2. Lithium may deactivate the glycogen synthase kinase 3B (GSK-3B) enzyme. The regulation of GSK-3B by lithium may affect the circadian clock. When GSK-3B is activated, the protein Bmal1 is unable to reset the "master clock" inside the brain. As a result, the body's natural circadian cycle is disrupted. When the cycle is disrupted, the routine schedules of many functions (metabolism, sleep, body temperature) are disturbed. This may explain many of the features of mania and depression. Lithium, by inhibiting GSK-3B, may restore normal brain function after it is disrupted in some people.

3. Lithium treatment has been found to inhibit the enzyme inositol monophosphatase leading to disruption of the phosphoinositide cycle.

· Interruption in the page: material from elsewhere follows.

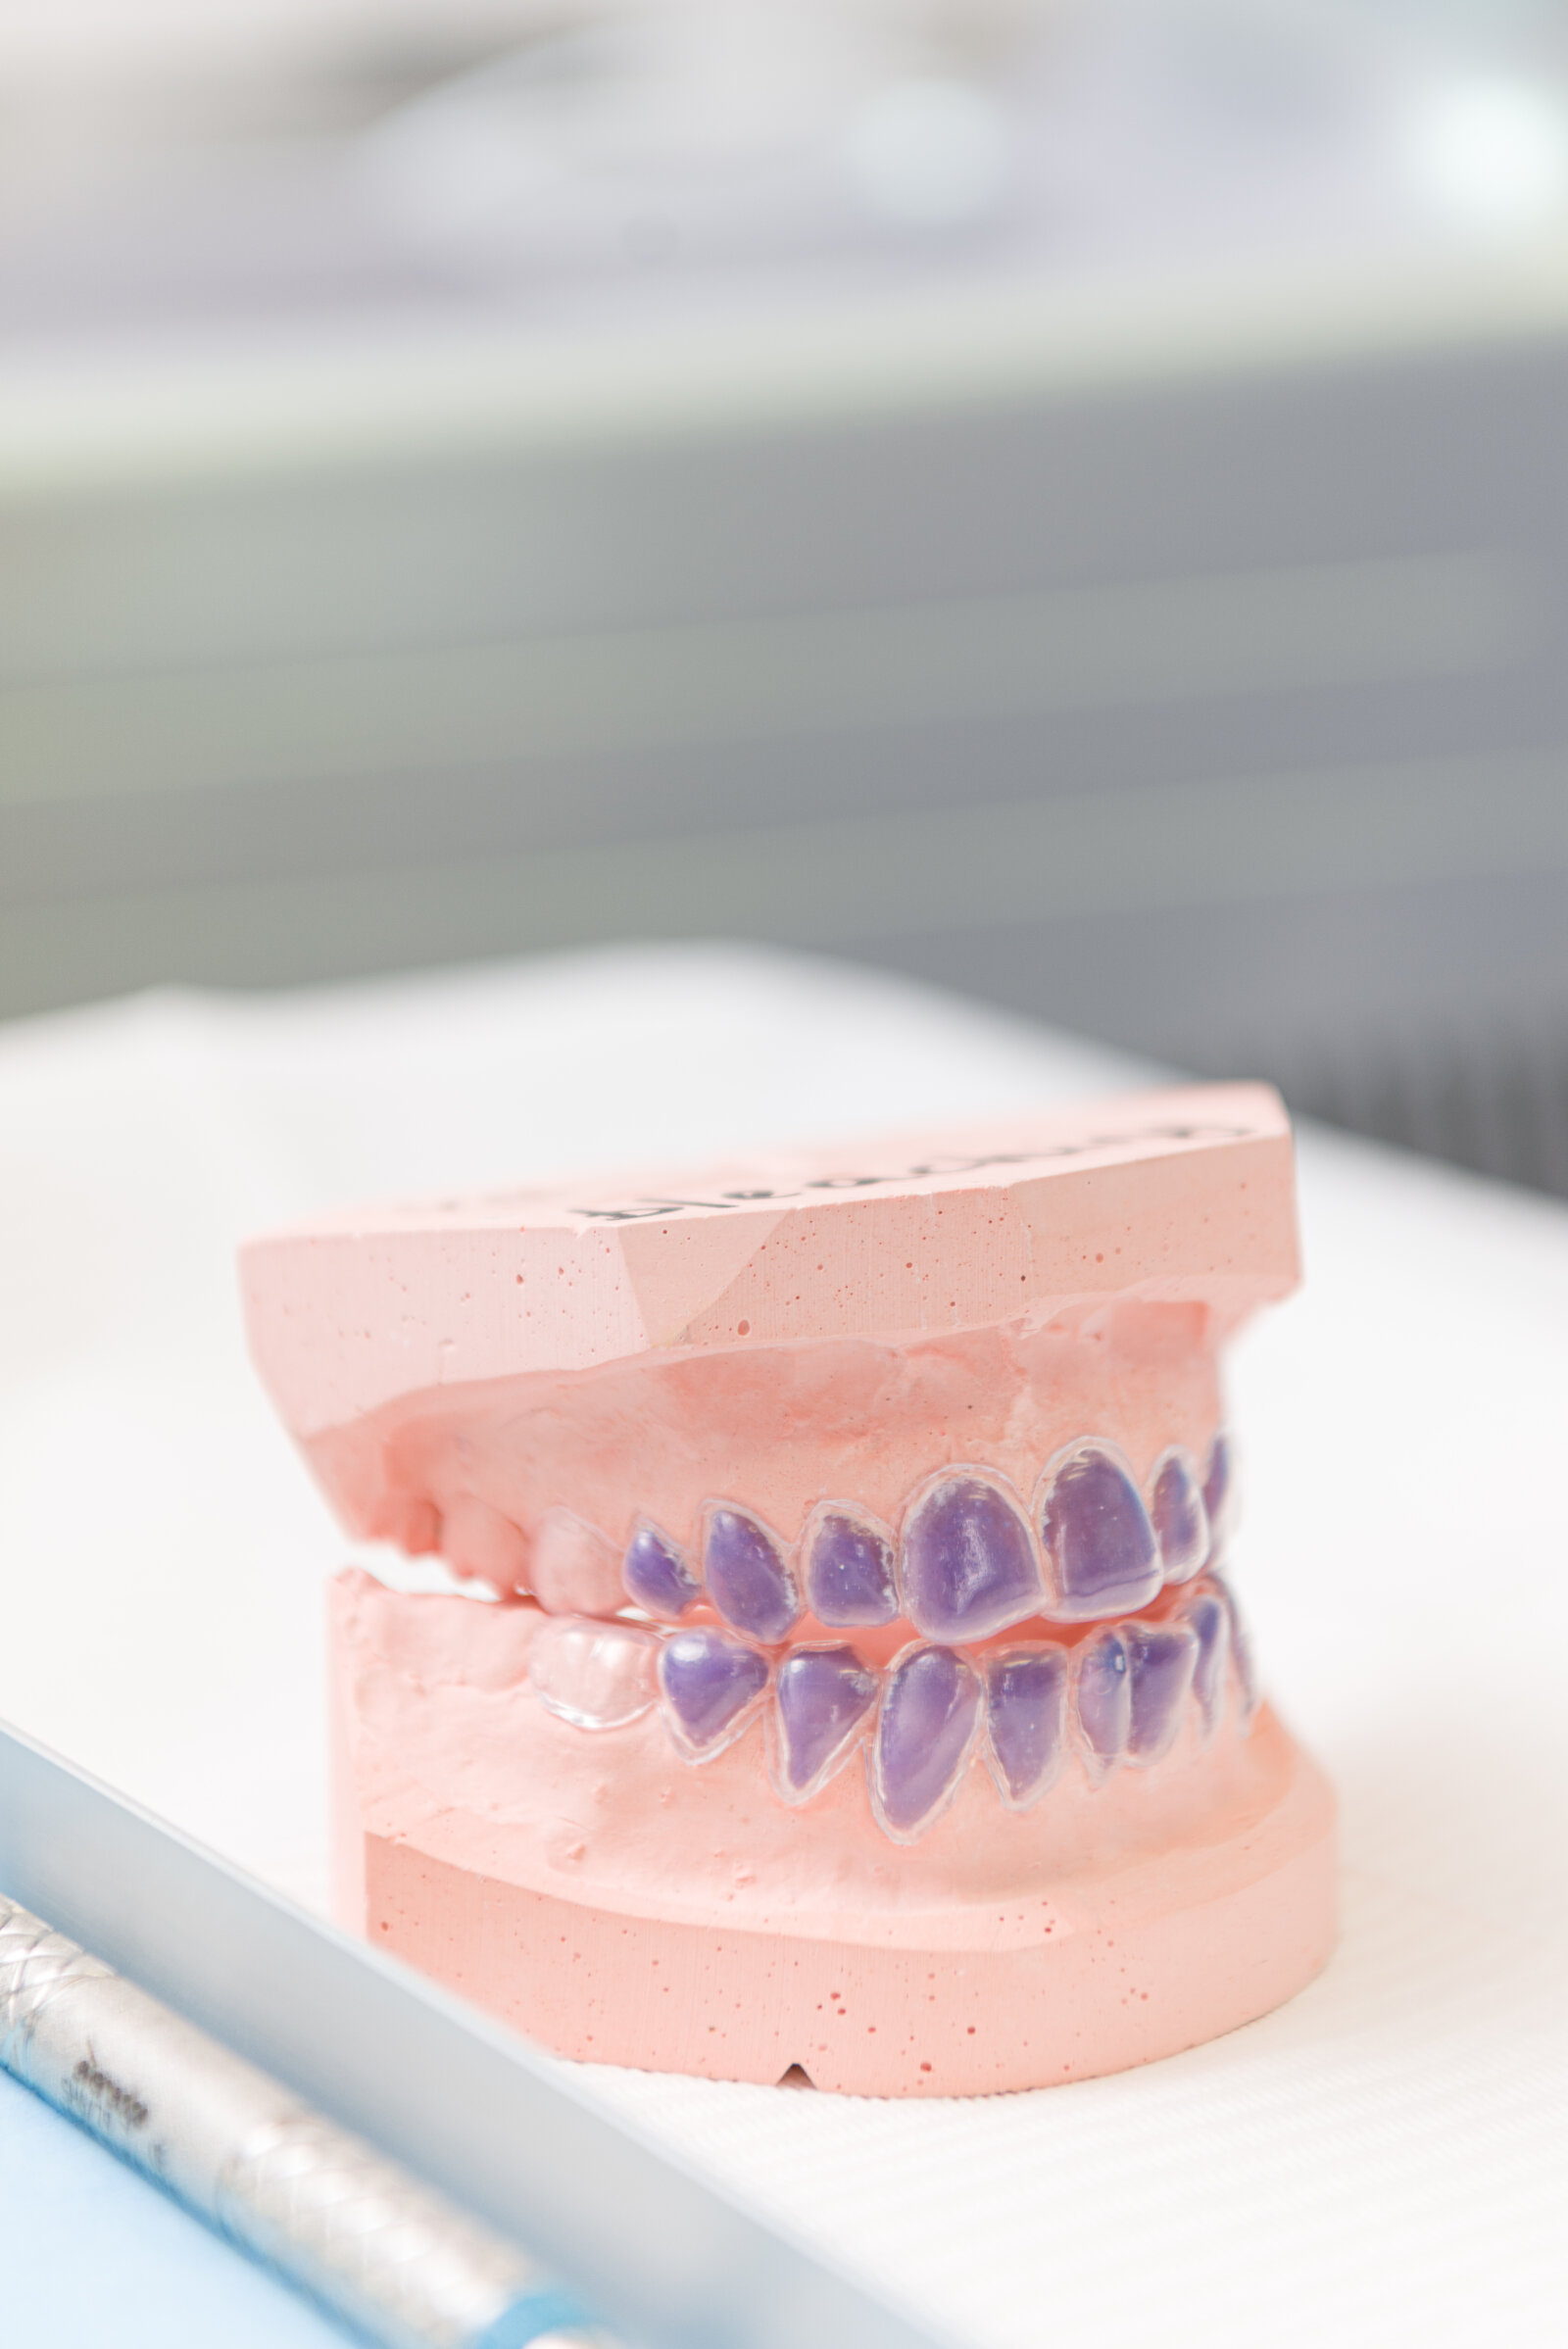 Dental prostheses (dentures)
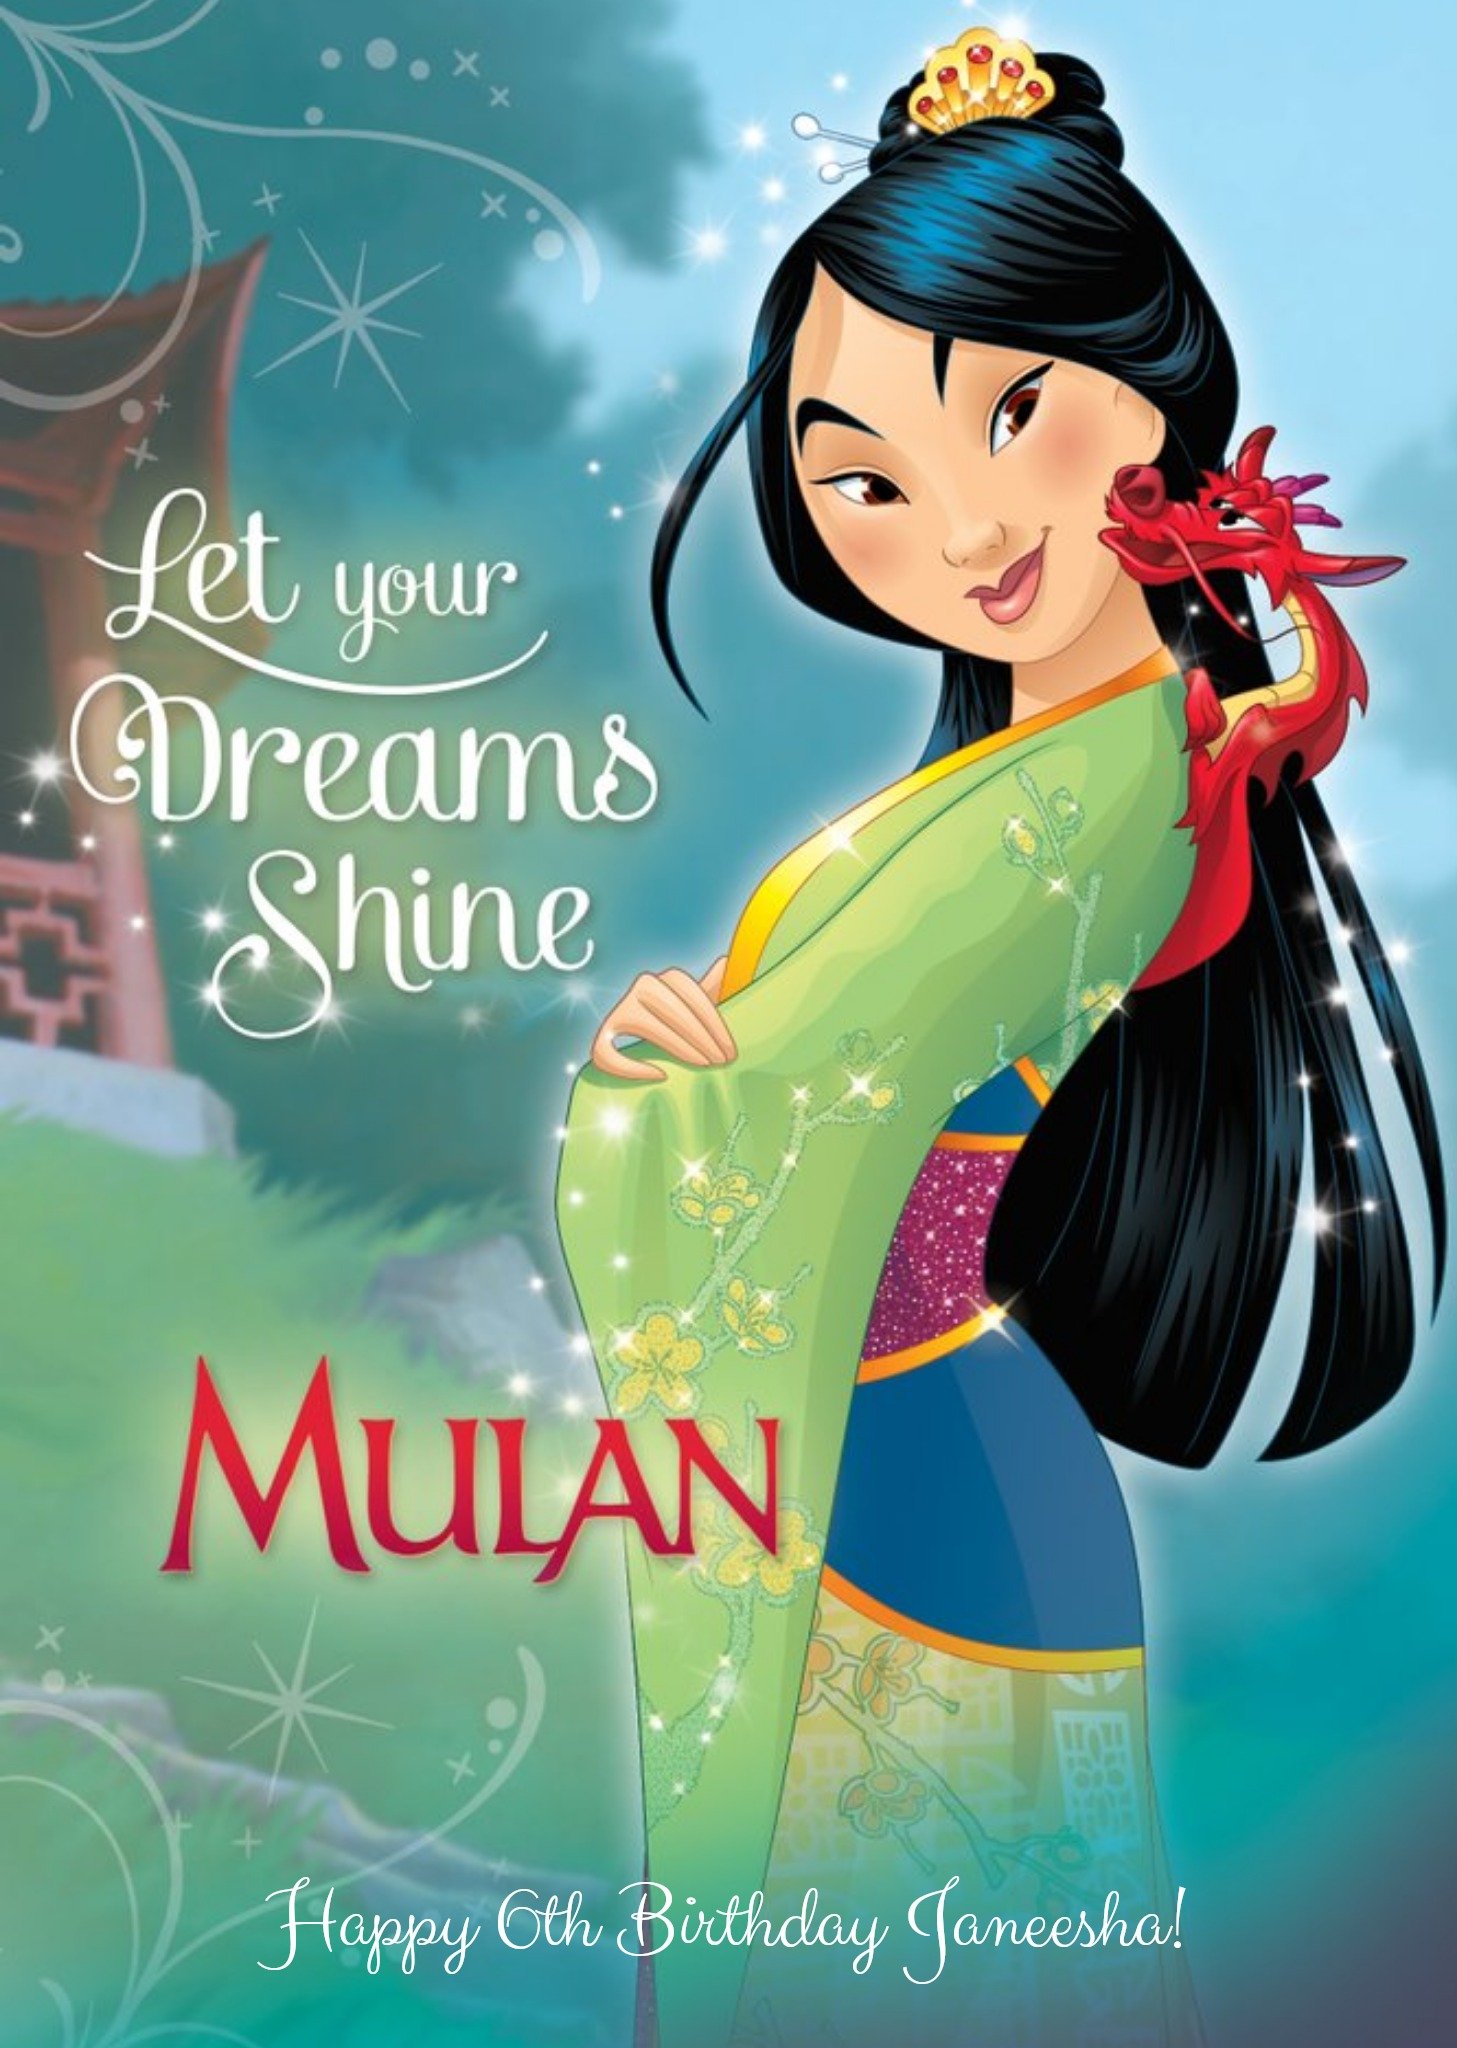 Disney Mulan Let Your Dreams Shine Happy 6th Birthday Card, Large

This interferes in the formation of phosphoinositide diphosphate which is important in the intracellular signaling pathway of several neurotransmitters.

Evidence from both in vitro and in vivo studies has demonstrated that lithium exerts multiple effects on neurotransmitter/receptor-mediated signaling, ion transport, signal transduction cascades, hormonal and circadian regulation, and profoundly alters gene expression. It is surprising that a small ion like lithium that has many properties that are similar to sodium could exert such diverse effects.

References:
Oliver SL, Comstock GW, Helsing KJ. 1976. Mood and lithium in drinking water. Arch Environ Health. Mar-Apr;31(2):92-5.

Schrauzer GN, Shrestha KP. 1990. Lithium in drinking water and the incidences of crimes, suicides, and arrests related to drug addictions. Biol Trace Elem Res. May; 25(2):105-13.